Глава первая
С заоблачных высей на четвертый этаж
– Якиме!
– Эге!
– Не видать еще заставы?
– Не видать, панычу.
Первый голос исходил из глубины почтовой кибитки; второй отзывался с облучка и принадлежал сидевшему рядом с ямщиком малому из хохлов: национальность его обличалась как характеристичным выговором уроженца Украины, так и висячими колбасиками усов, заиндевевших от декабрьского мороза и придававших нестарому еще хлопцу вид сивоусого казака.

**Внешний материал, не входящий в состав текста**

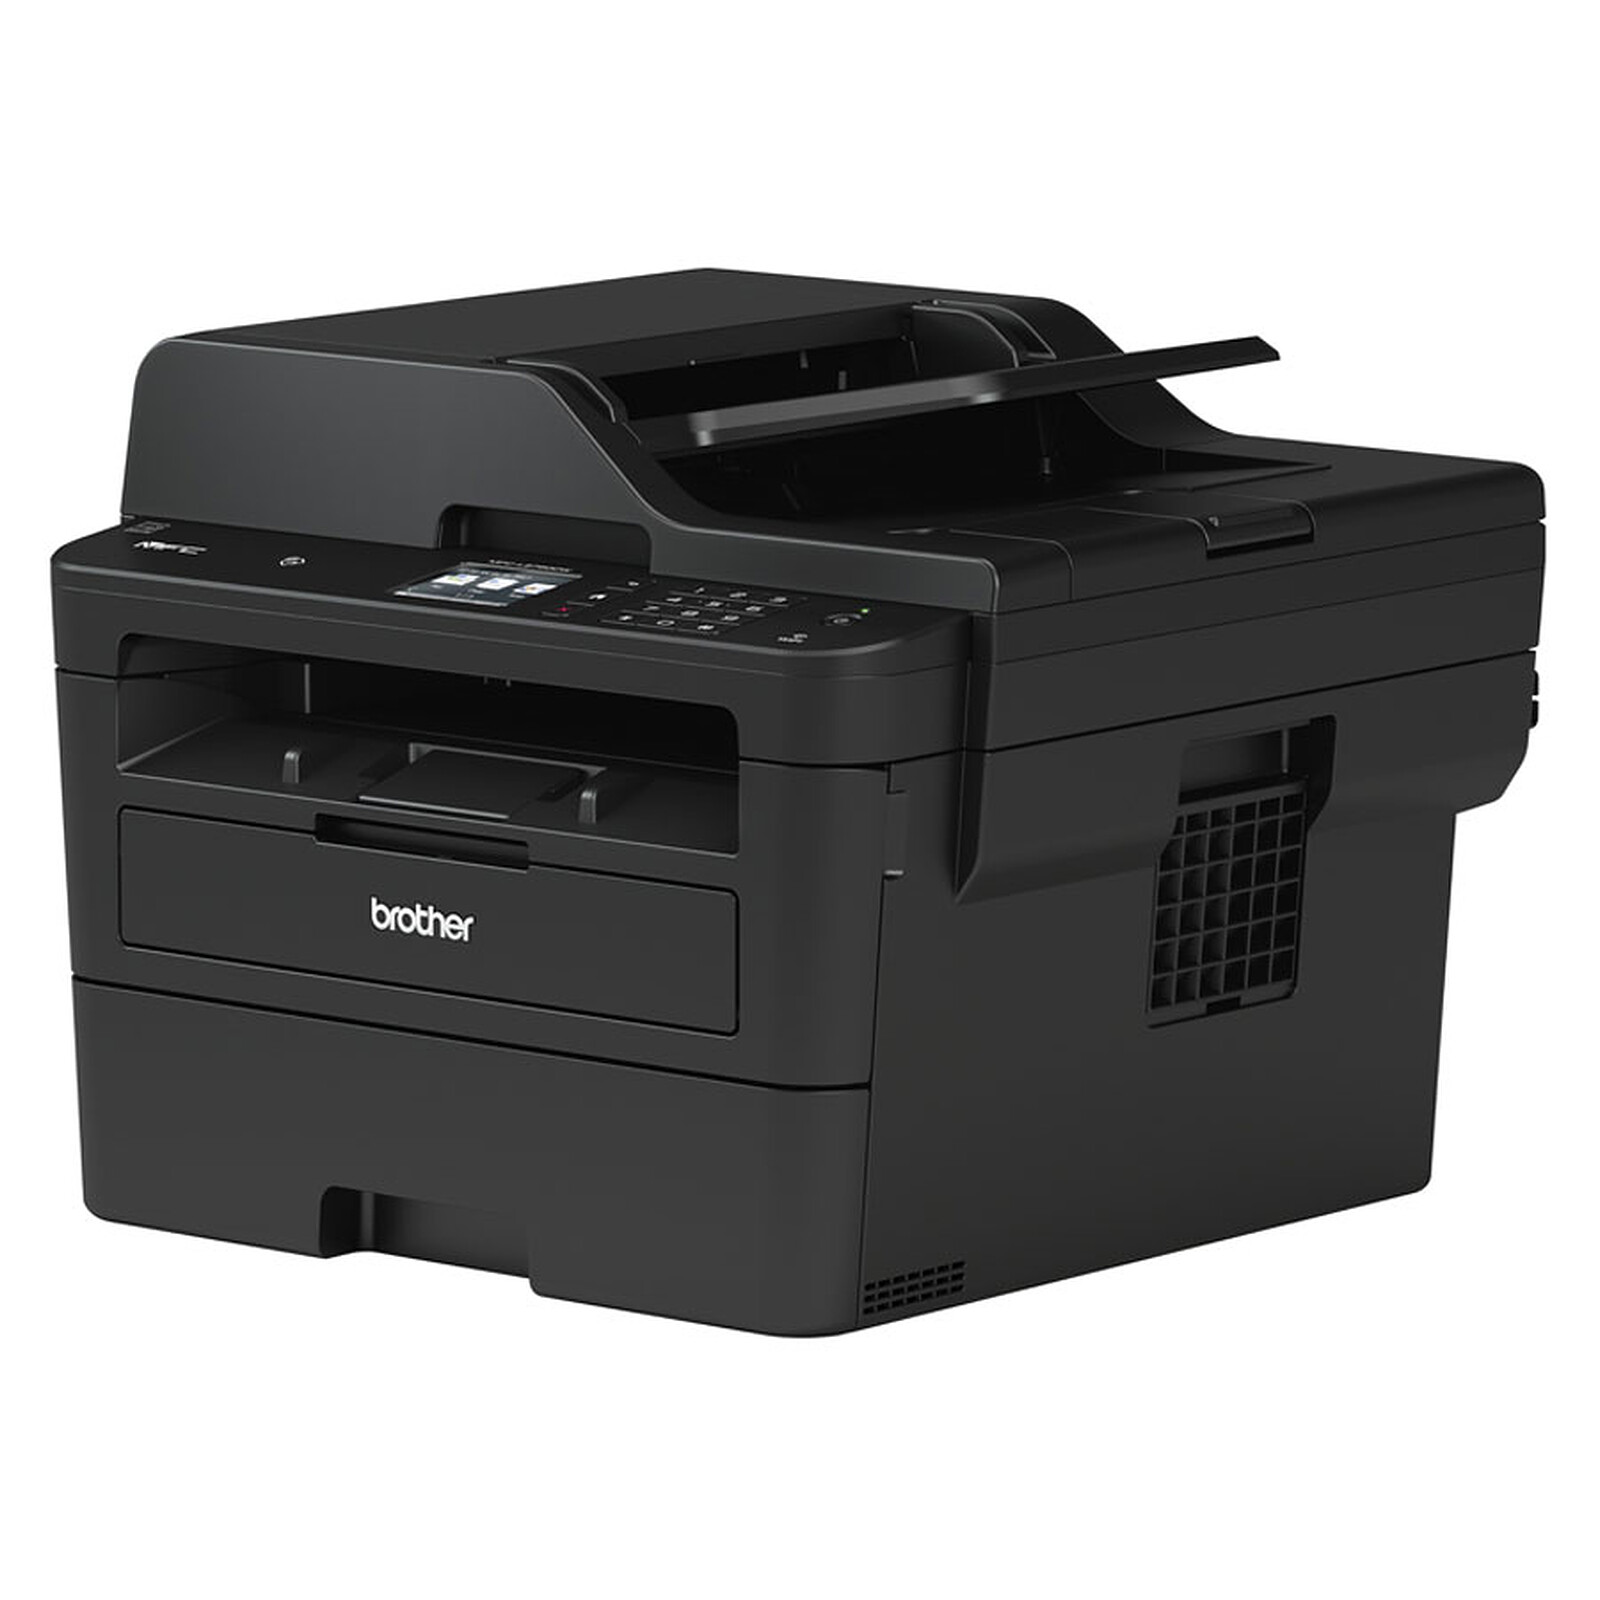 Brother MFC-L8390CDW - All-in-one printer - LDLC 3-year warranty

Нетерпеливый паныч ему, однако, не поверил. Приподняв рукою край опущенного рогожного верха кибитки, он высунул оттуда свой длинный, загнутый крючком ном. В самом деле, впереди тянулось бесконечной лентой царскосельское шоссе с двумя рядами опушенных снегом берез и терялось вдали в полумраке ранних зимних сумерек; по сторонам же безотрадно расстилались однообразною белою скатертью поля да поля, по которым разгуливал вольный ветер. Налетев на кибитку, он не замедлил обвеять снежным вихрем любопытствующий нос, да кстати пустил целую пригоршню порошистого мерзлого снега и под кузов кибитки к сидевшему там другому молодому путнику, так что тот взмолился ради Христа опустить рогожу и плотнее запахнулся в приподнятый воротник своей меховой шубы.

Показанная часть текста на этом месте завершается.